The training data used 50% from the dataset and testing data also used 50% from the dataset. The dataset has eight input data there is Relative Compactness (X1), Surface Area (X2), Wall Area (X3), Roof Area (X4), Overall Height (X5), Orientation (X6), Glazing Area (X7), and Glazing Area (X8). This article will show a brief discussion of prediction results using Linear Regression with Gradient Descent.
DEVELOPMENT
Gradient Descent comes with some procedure that is:
- Procedure
- Start with random values
- Slightly move to reduce
- Keep doing step 2 until converges
- Start with random values
Technologies Used
To solve this problem, it was used the Python 3 language with the following libraries:
- Pandas: Python library for data structures and statistical tools (McKinney, 2010).
- Numpy: The Python libraries for the base data structure used for data and model parameters were presented as Numpy arrays (Al-Shalabi et al., 2006).
- Sklearn (Hunter, 2007).
IMPLEMENTATION USING PYTHON CODE
The python code in all of this article could be merged into a single python file (e.g. gdescent.py
). However, you may need to convert the data from ENB2012_data.xlsx
into ENB2012_data.csv
, by using spreadsheet software such as Excel or similar.
Import libraries:
import sys
import numpy
import pandas
import sklearn.metrics
import sklearn.model_selection
import sklearn.linear_model
import sklearn.preprocessing
Loading Dataset:
def load_train_test_data(train_ratio=.5):
data = pandas.read_csv('./ENB2012_data.csv')
feature_col = ['X1', 'X2', 'X3', 'X4', 'X5', 'X6', 'X7', 'X8']
label_col = ['Y1']
X = data[feature_col]
y = data[label_col]
return sklearn.model_selection.train_test_split(X, y, test_size = 1 - train_ratio, random_state=0)
Scale the Training and Testing Features
def scale_features(X_train, X_test, low=0, upp=1):
minmax_scaler = sklearn.preprocessing.MinMaxScaler(feature_range=(low, upp)).fit(numpy.vstack((X_train, X_test)))
X_train_scale = minmax_scaler.transform(X_train)
X_test_scale = minmax_scaler.transform(X_test)
return X_train_scale, X_test_scale
Gradient Descent Calculation
def gradient_descent(X, y, alpha=0.1, iters=100000, eps=1e-4):
n, d = X.shape
theta = numpy.zeros((d, 1))
xT = numpy.transpose(X)
for k in range(1,iters+1):
theta_k = theta.copy()
prediction = numpy.dot(X,theta)
error = numpy.subtract(prediction,y)
#gradient
gradient = numpy.dot(xT,error) * (1/n)
#update theta
theta = theta_k - (alpha * gradient)
print(k)
for delta in abs(theta-theta_k):
if delta > eps:
break
return theta
Prediction Function
def predict(X, theta):
return numpy.dot(X, theta)
Main Function
def main(argv):
X_train, X_test, y_train, y_test = load_train_test_data(train_ratio=.5)

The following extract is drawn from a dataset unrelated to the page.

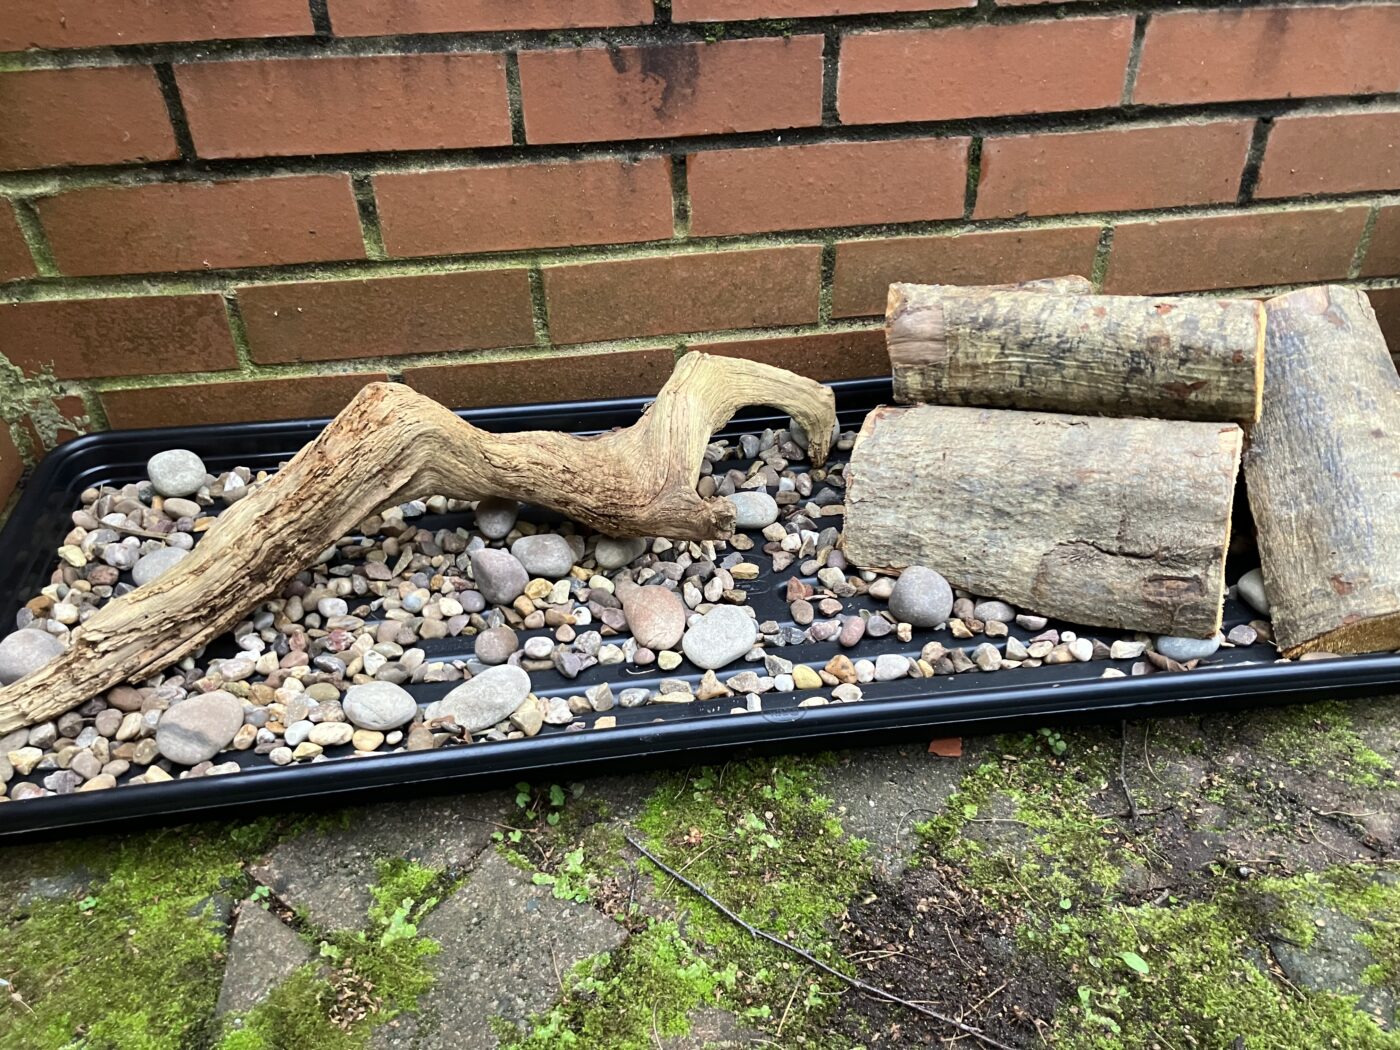 A tray with gravel and logs in

X_train_scale, X_test_scale = scale_features(X_train, X_test, 0, 1)
theta = gradient_descent(X_train_scale, y_train)
print('Theta:\n', theta)
y_hat = predict(X_train_scale, theta)
print("Linear train R^2: %f" % (sklearn.metrics.r2_score(y_train, y_hat)))
y_hat = predict(X_test_scale, theta)
#R2 value closer to 1 indicating that a greater proportion of variance is accounted for by the model.
print("Linear test R^2: %f" % (sklearn.metrics.r2_score(y_test, y_hat)))
#MSE value closer to 0 indicates a fit that is more useful for prediction.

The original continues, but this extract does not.